# Can't delete files from Download section



## Narin (Jun 3, 2008)

I can't delete my own files I uploaded to the download section. I get "You don't have permission" errors. Curley5959 and others are having the same problem as well.

Could an admin delete these files?
http://gbatemp.net/index.php?download=2412
http://gbatemp.net/index.php?download=2375
http://gbatemp.net/index.php?download=2502
http://gbatemp.net/index.php?download=2500
http://gbatemp.net/index.php?download=2501
http://gbatemp.net/index.php?download=2503
http://gbatemp.net/index.php?download=2504
http://gbatemp.net/index.php?download=2505


----------



## Rayder (Jun 3, 2008)

The problem I had was I couldn't edit a file, meaning I would have to create a whole new download topic every time I updated.  That was why I hosted the dat on my own webspace when I was maintaining it.

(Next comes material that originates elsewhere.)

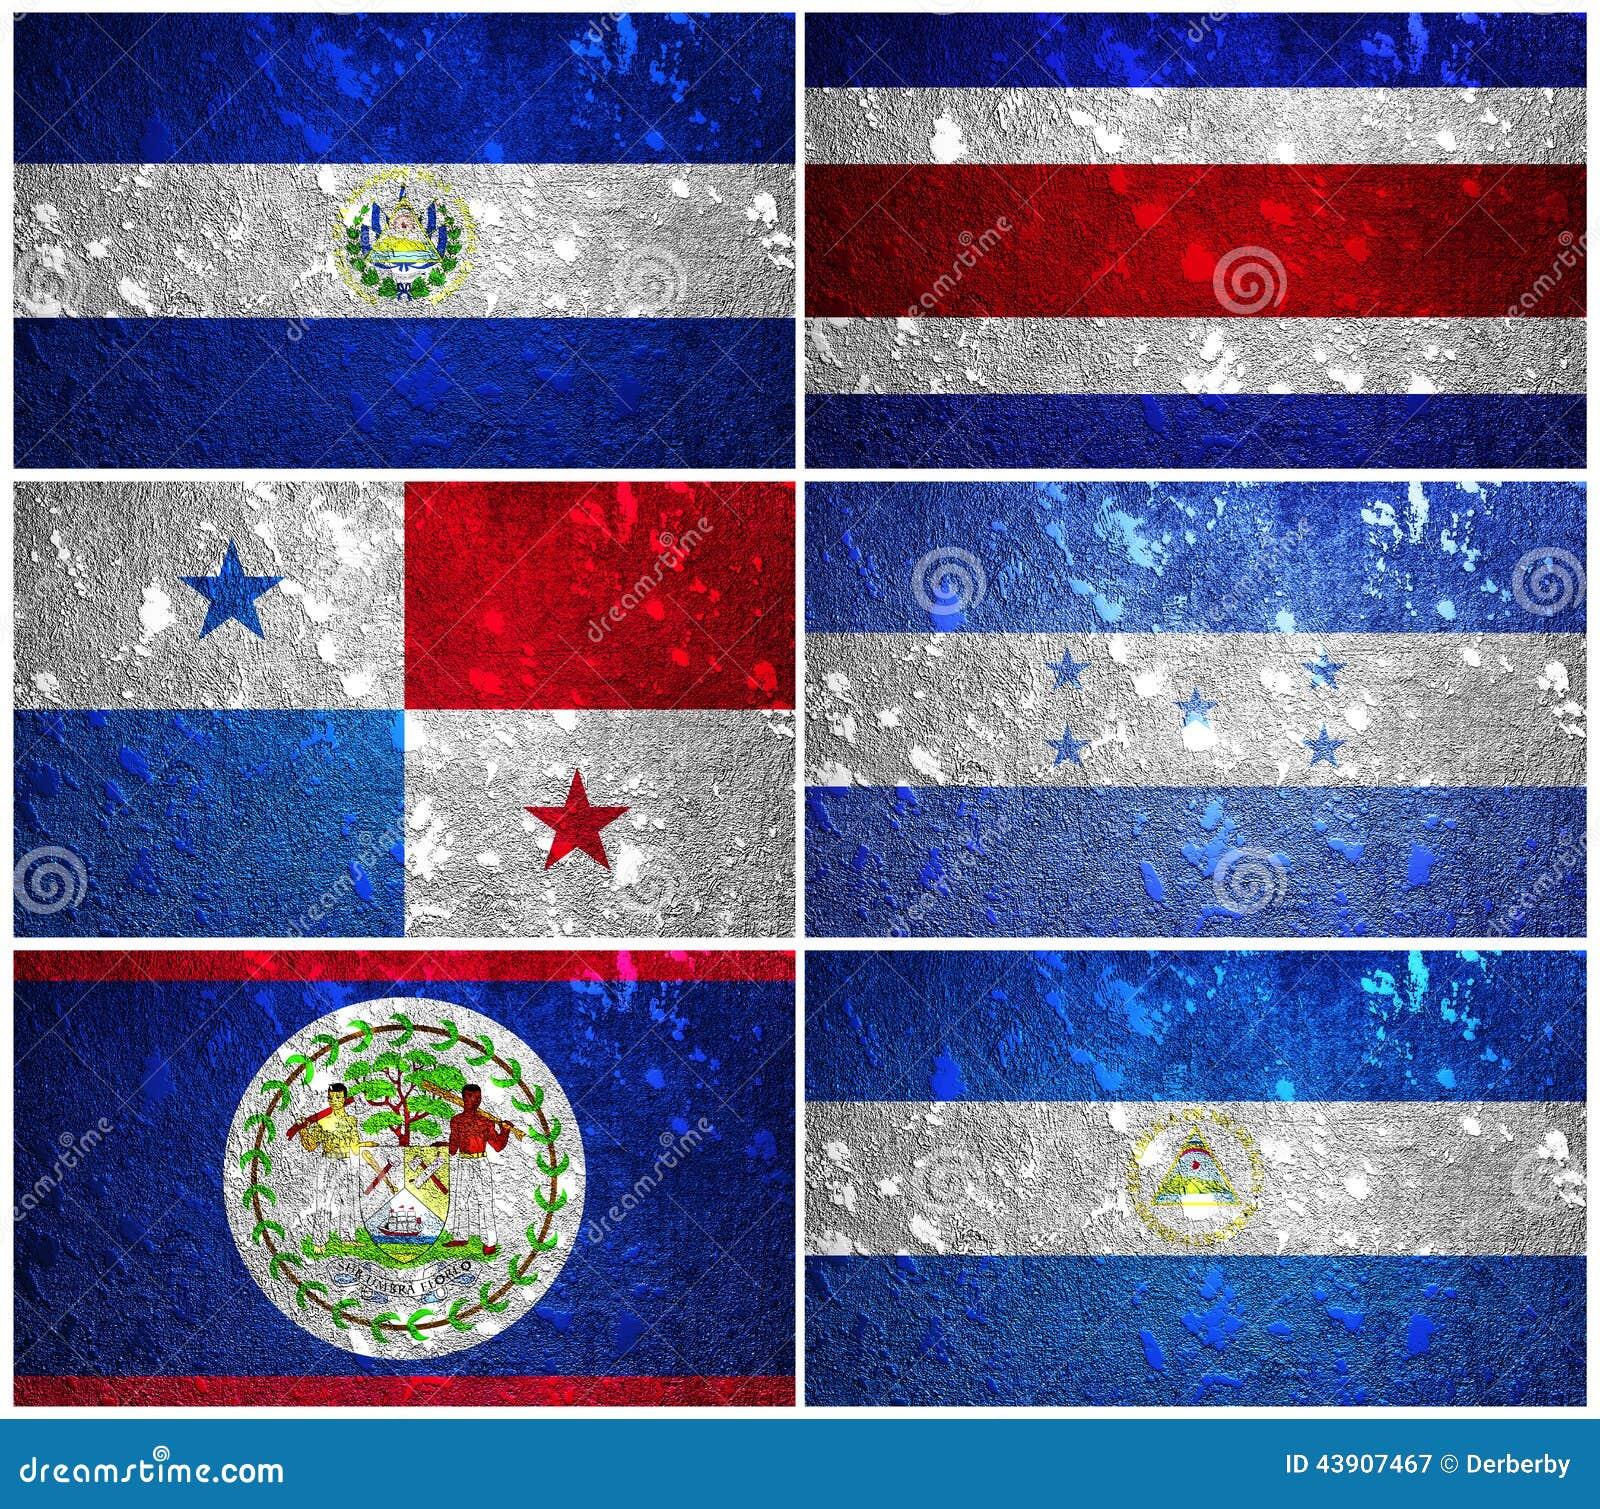 Panama Belize El Salvador Honduras Nicaragua And Costa Rica Flags Of Wall Texture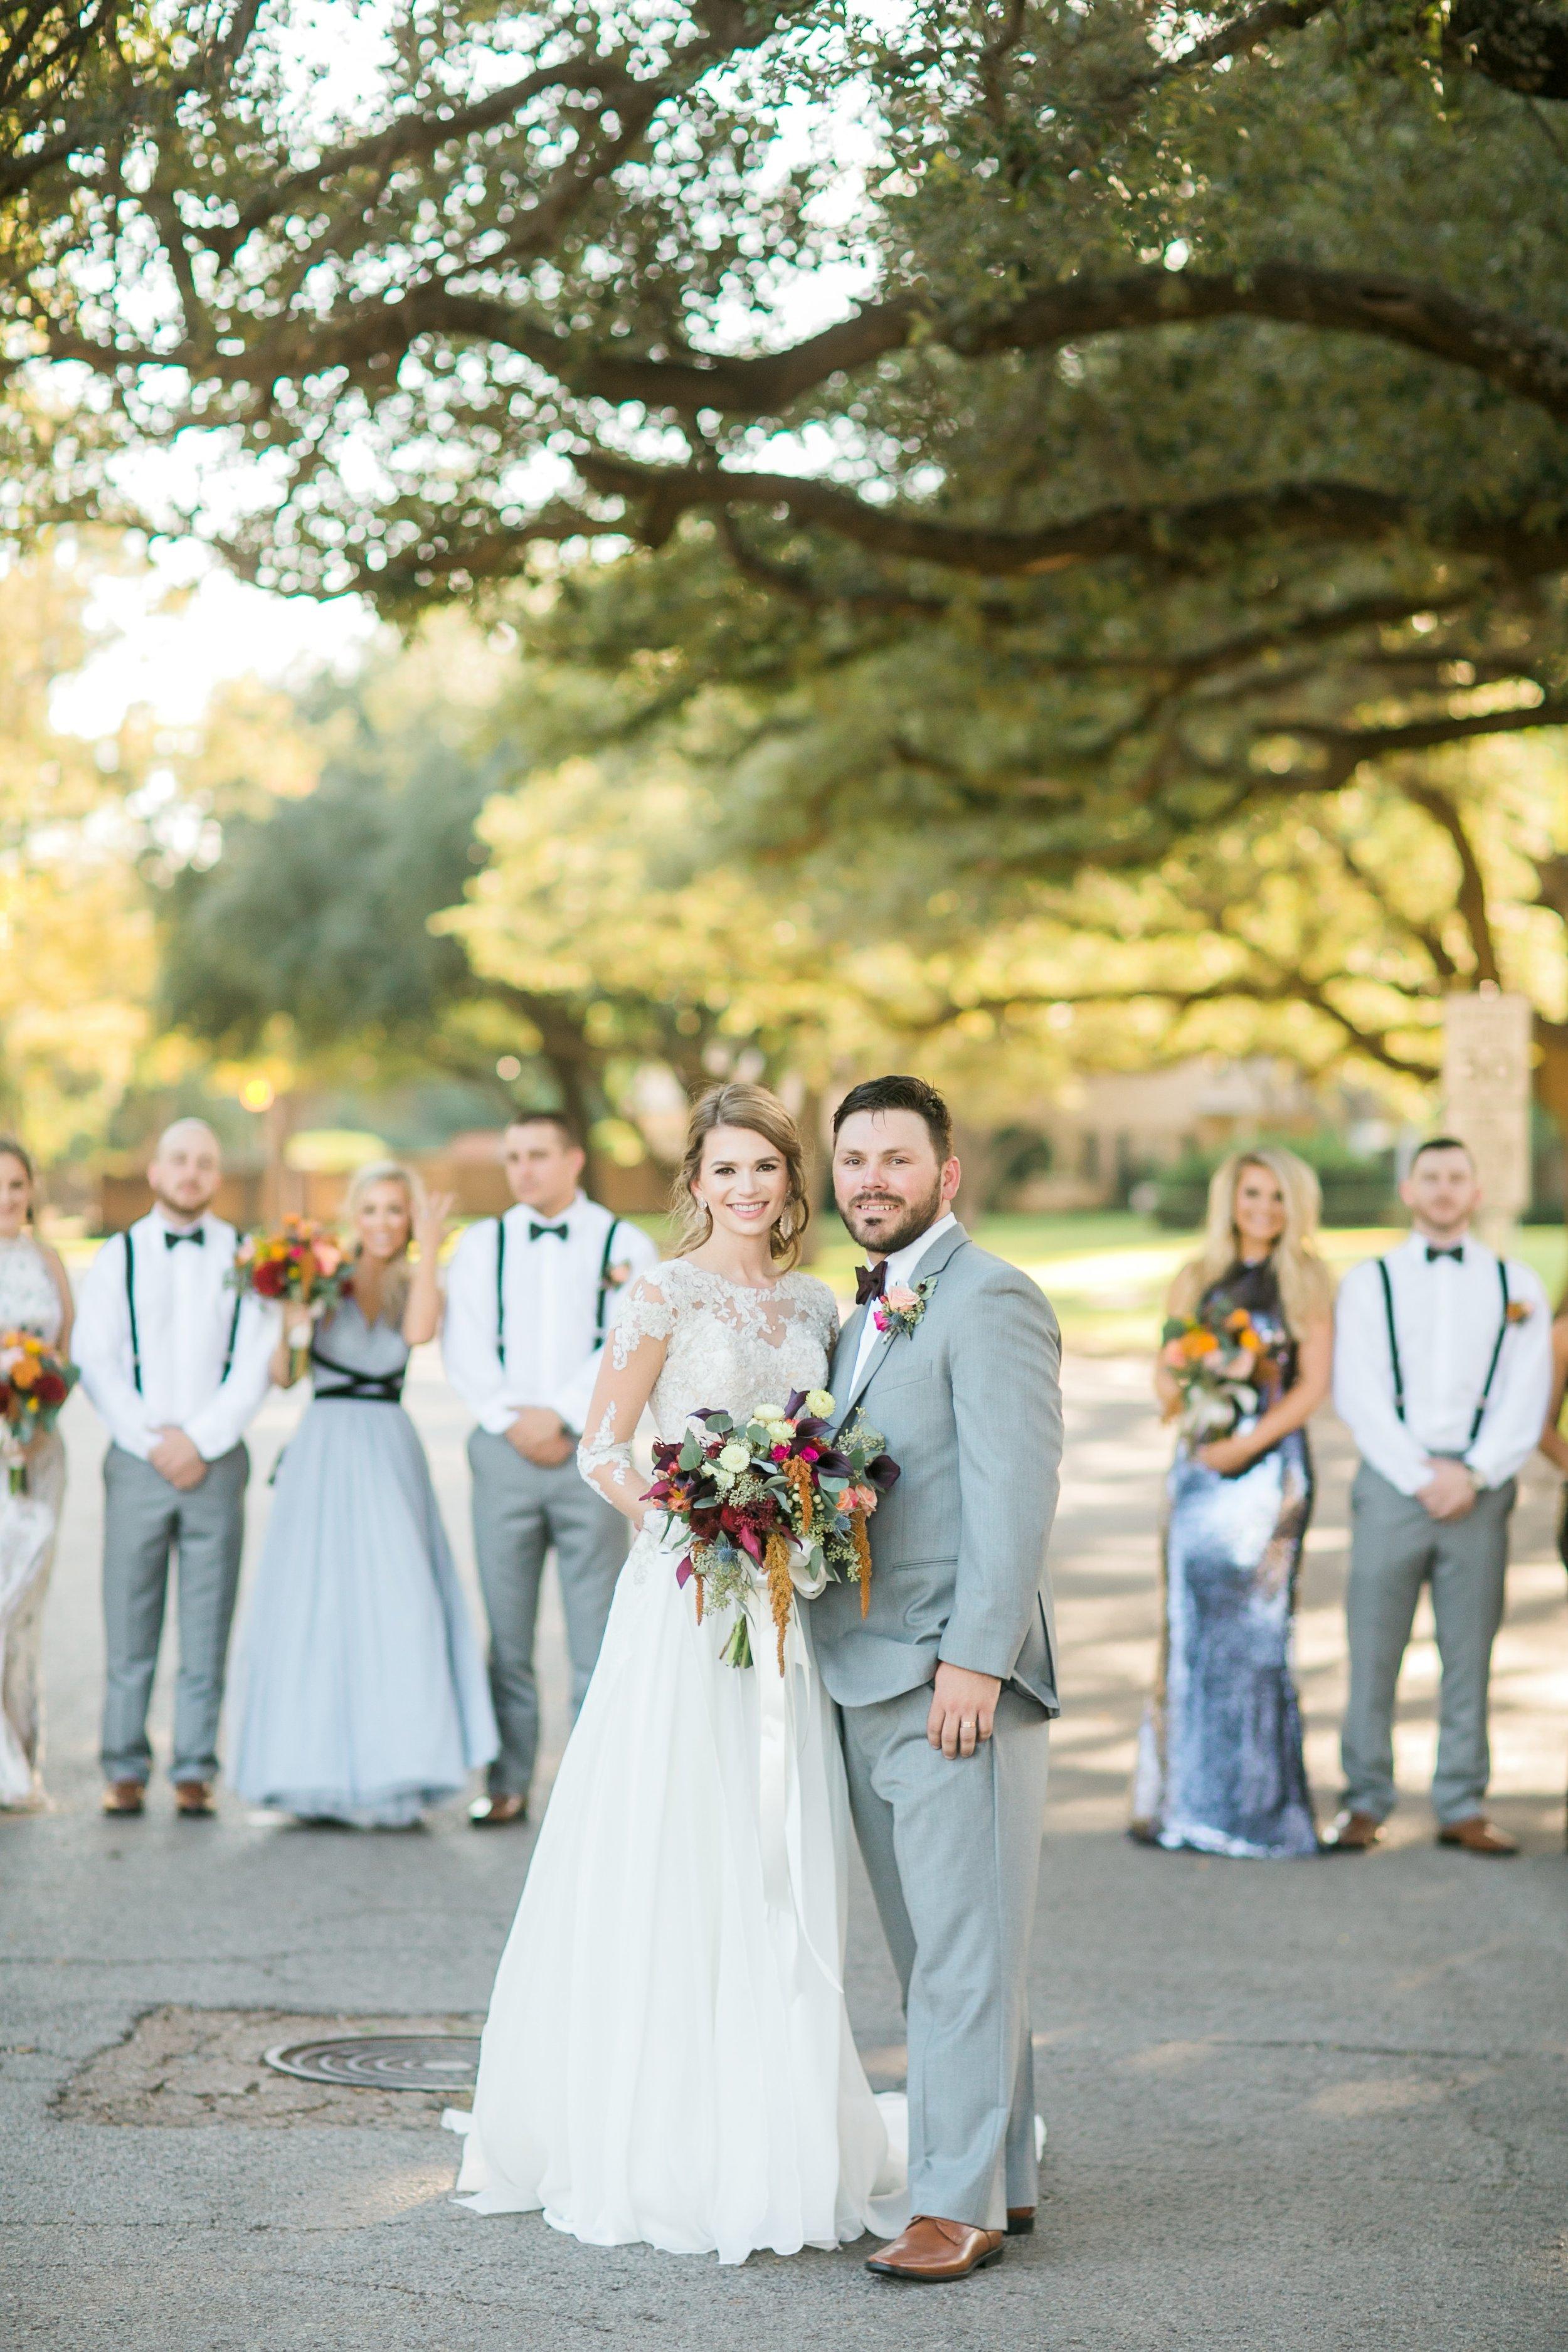 Roberson-Wedding-The-Forum-Lauren-Pinson-Wedding-Photography-Wichita-Falls-Texas-062.jpg

I swear, the forum upgrade caused more problems than it fixed.  Some of which STILL aren't fixed, email notification not working being the biggest annoyance.  Awful strange how it seems to be working fine for some and others are just screwed with no hope of it ever being fixed.


----------



## Frederica Bernkastel (Jun 3, 2008)

Thats why I'm afraid of uploading things.
Please get this fixed someone?


----------



## Destructobot (Jun 3, 2008)

Narin said:
			
		

> Could an admin delete these files?


Done.


----------



## Narin (Jun 4, 2008)

Destructobot said:
			
		

> Narin said:
> 
> 
> 
> ...


Thanks 
	

	
	
		
		

		
			





 I really appreciate it.


----------



## Narin (Jun 10, 2008)

I have some more files that could be deleted:
http://gbatemp.net/index.php?download=2193
http://gbatemp.net/index.php?download=2194
http://gbatemp.net/index.php?download=2499
http://gbatemp.net/index.php?download=2395
http://gbatemp.net/index.php?download=2406
http://gbatemp.net/index.php?download=2319
They are very old files of the Rayder cheat database and such which are pretty much obselete now and just cluttering the download section as well as temp files some people put up for me for codes to add to the cheat database which are no longer needed.

Thanks again


----------



## Rayder (Jun 10, 2008)

Narin said:
			
		

> I have some more files that could be deleted:
> http://gbatemp.net/index.php?download=2193
> http://gbatemp.net/index.php?download=2194
> http://gbatemp.net/index.php?download=2499
> ...



I agree, those can be deleted too.  (just in case they thought I would object  
	

	
	
		
		

		
		
	


	




 )


----------



## Destructobot (Jun 10, 2008)

Done.


----------



## Narin (Jun 11, 2008)

Destructobot said:
			
		

> Done.


Thanks again for the help


----------